Requirement:
Give the data again exactly, without its images.

Information shown:
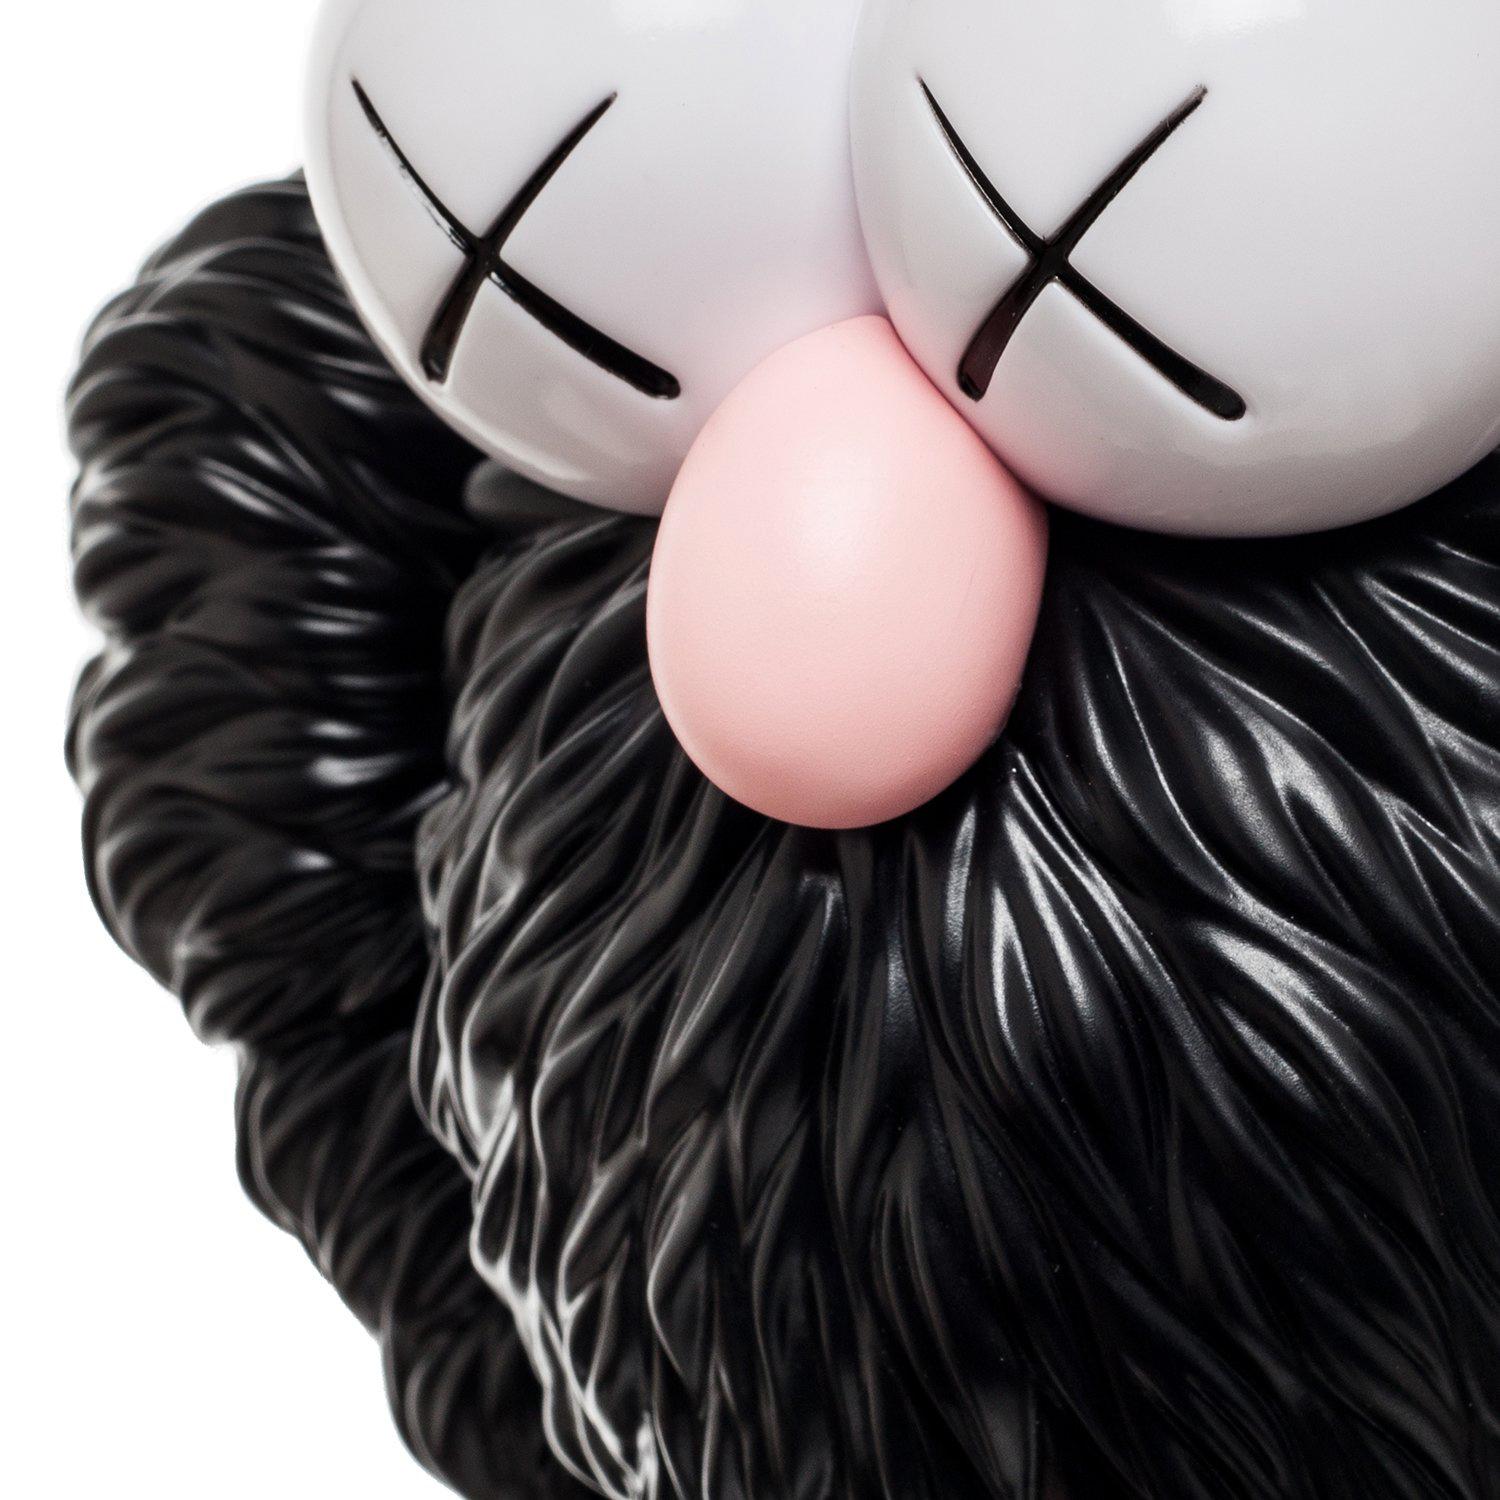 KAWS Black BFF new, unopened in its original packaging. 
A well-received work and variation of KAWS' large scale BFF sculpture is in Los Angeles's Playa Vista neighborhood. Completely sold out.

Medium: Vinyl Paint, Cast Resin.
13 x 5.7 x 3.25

Answer section:
 KAWS Black BFF new, unopened in its original packaging. 
A well-received work and variation of KAWS' large scale BFF sculpture is in Los Angeles's Playa Vista neighborhood. Completely sold out.

Medium: Vinyl Paint, Cast Resin.
13 x 5.7 x 3.25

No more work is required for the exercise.